| WORK REQUEST |
Word for word, copy all the data and drop the pictures.

| DATASET SECTION |
--
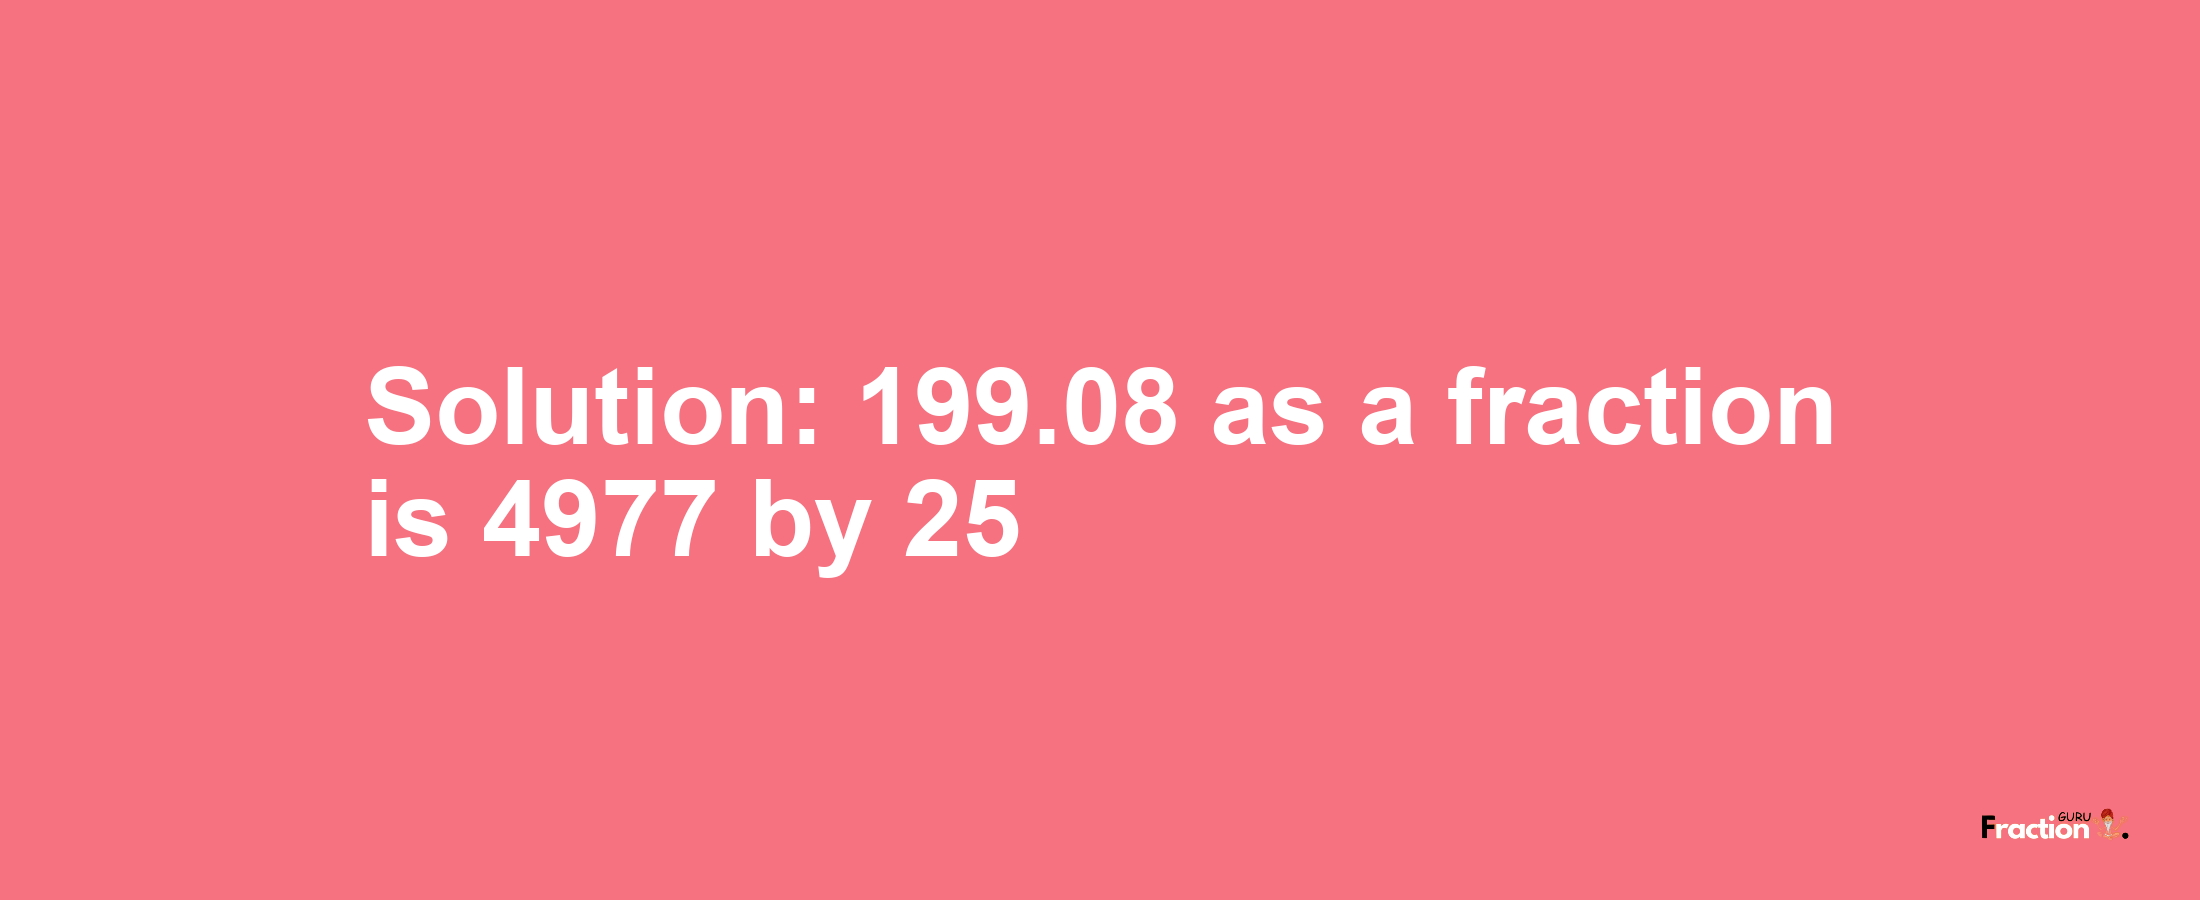 Solution:199.08 as a fraction is 4977/25
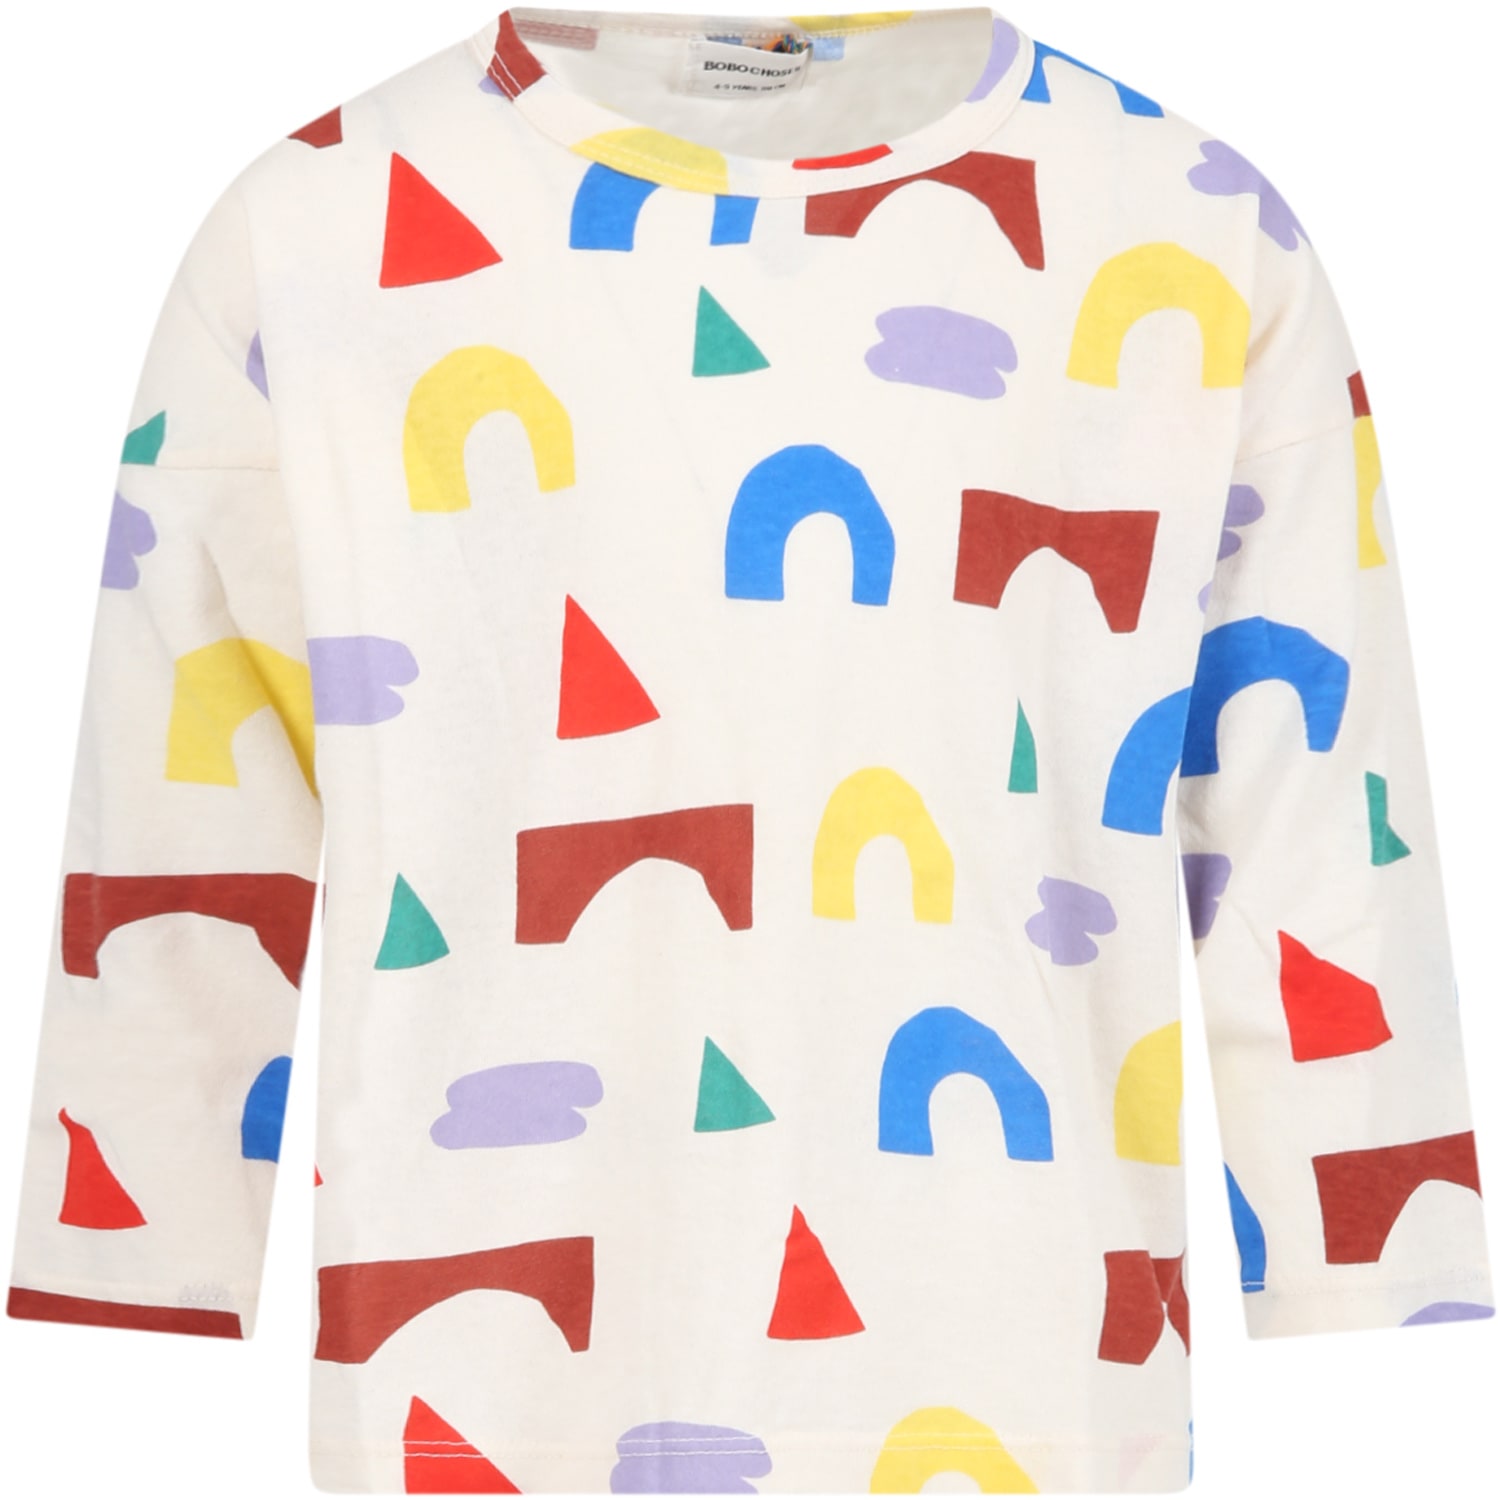 Bobo Choses Ivory T-shirt For Kids With Colorful Designs
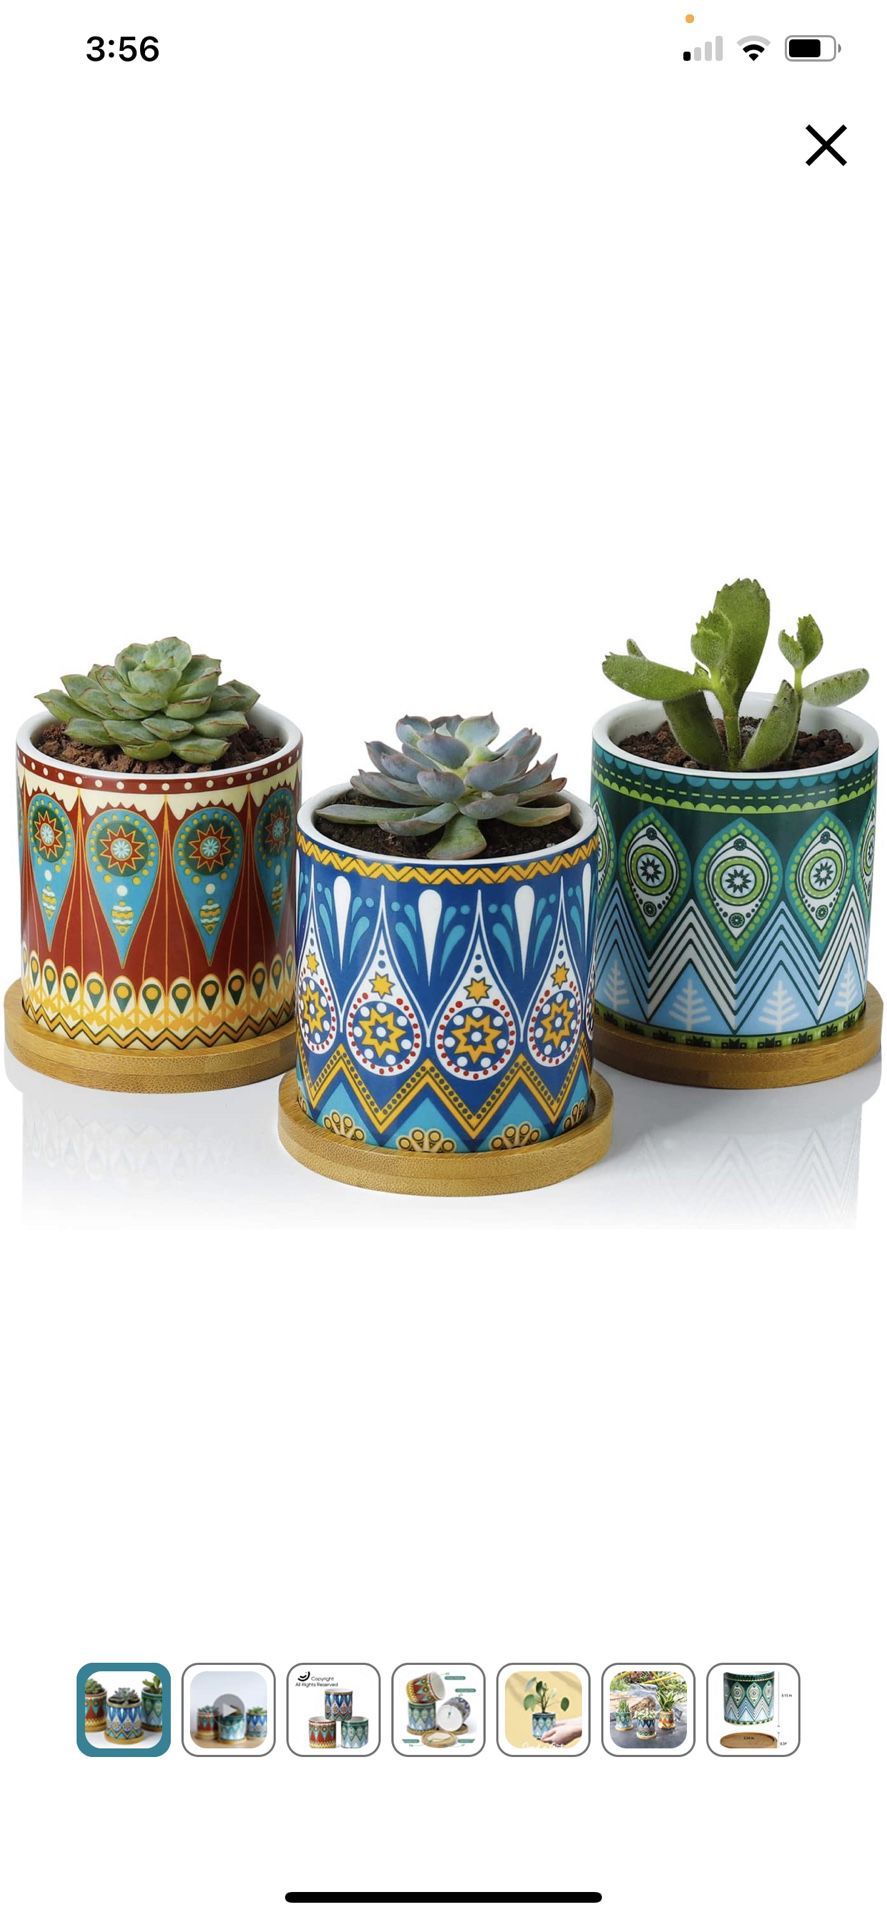 Succulent Planter Pots-3 Inch Small Ceramic Planters Plants Pots Mini Flower Vase with Bamboo Tray and Drainage Hole for Indoor Plants, Colorful Manda
--
| ANSWER TO THE PROBLEM |
 Solution:199.08 as a fraction is 4977/25
 Bobo Choses Ivory T-shirt For Kids With Colorful Designs
 Succulent Planter Pots-3 Inch Small Ceramic Planters Plants Pots Mini Flower Vase with Bamboo Tray and Drainage Hole for Indoor Plants, Colorful Manda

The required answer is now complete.